Due to the rain and rising water levels, the city introduced efforts to mitigate the potential impact of flooding on Toronto Island.
Measures included cancelling city-run recreation programs, closing ferry services to Centre Island and Hanlan's Point docks, and closing Toronto Island Park.
Wynna Brown, a spokesperson for the city, told CBC Toronto that Toronto Island Park on Centre Island is closed and ferry services are restricted to residents and essential personnel only until the water level subsides more than 30 centimetres. Brown said there is "still quite a ways to go" until that target is met.
As for the businesses, Brown said she understands this situation is unprecedented, and as such the city is considering a report at council this week that looks into the impact this has had financially.

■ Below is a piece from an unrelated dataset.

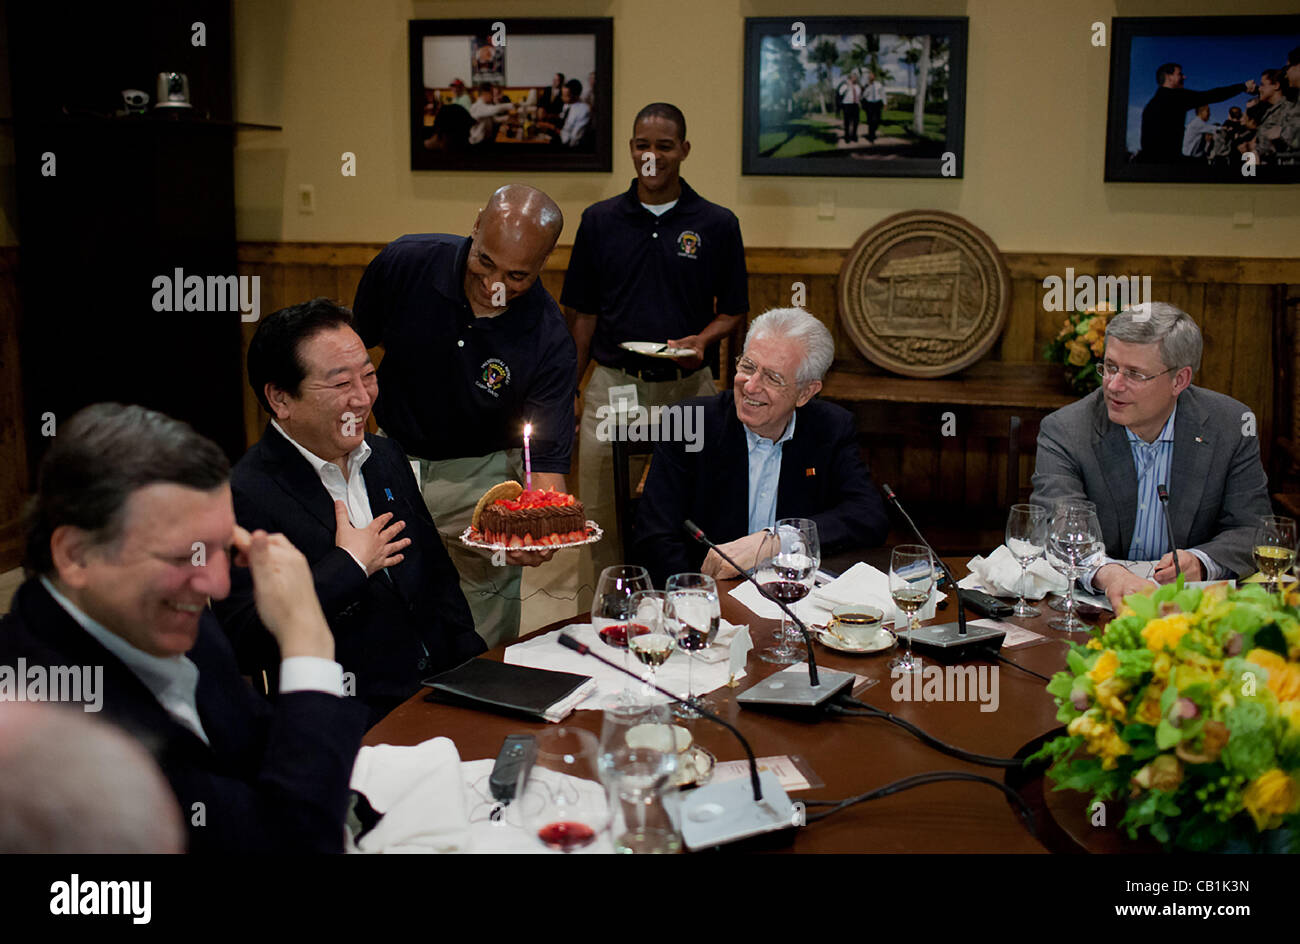 A chocolate cake is presented to Prime Minister Yoshihiko Noda of Japan to celebrate his May 20 birthday during a G8 Summit working dinner in Laurel Cabin May 18, 2012 at Camp David, Maryland. Seated, from left, are José Manuel Barroso, President of the European Commission, Prime Minister Mario Mont Stock Photo

The only advice Brown offers to the seasonal businesses affected by the flooding is to have business continuity plans and insurance in place.
Roy says ferry service to Ward's Island is still available, provided you are visiting a resident, or if you have an engagement on the island, such as a reservation at a restaurant.
However, Peter Freeman, who runs the Island Cafe with his wife and son, told CBC Toronto they "laid off more than half the staff" because potential patrons are not aware that they can still visit with a reservation.
"Definitely, the first question when the phone rings is, 'Are you open?'" said Freeman. "We did have a situation where someone said, 'Hey, we were told that no one was open on the island, there was no businesses open.'"
Freeman said the restaurant has a capacity of 75 to 80 people, and that the establishment would likely be full if more people knew they were still open.
Both Freeman and Roy believe the city needs to do more to make the public more aware that Ward's Island is still open for business.
Roy believes the city's reticence to fully re-open the island or encourage visitors comes from a place of caution.
"I have observed, when I'm going through the ferry docks myself in the city, some people do get turned away," said Roy, who still plans to start offering tours starting July 8, according to the tour's Facebook page.
"There's still a lot of water in parts of the park," she said. "And I think the city is probably ... concerned about liability around that."
Freeman believes some staff are confusing Ward's Island with Centre Island, which is closed. Signs at the ferry docks also say "Toronto Island is closed," which can can further deter visitors.
Still, Roy thinks the city should "make it very clear that if you have a particular event to go to ... you can come to the island."
"I think that's probably all they can do," she said.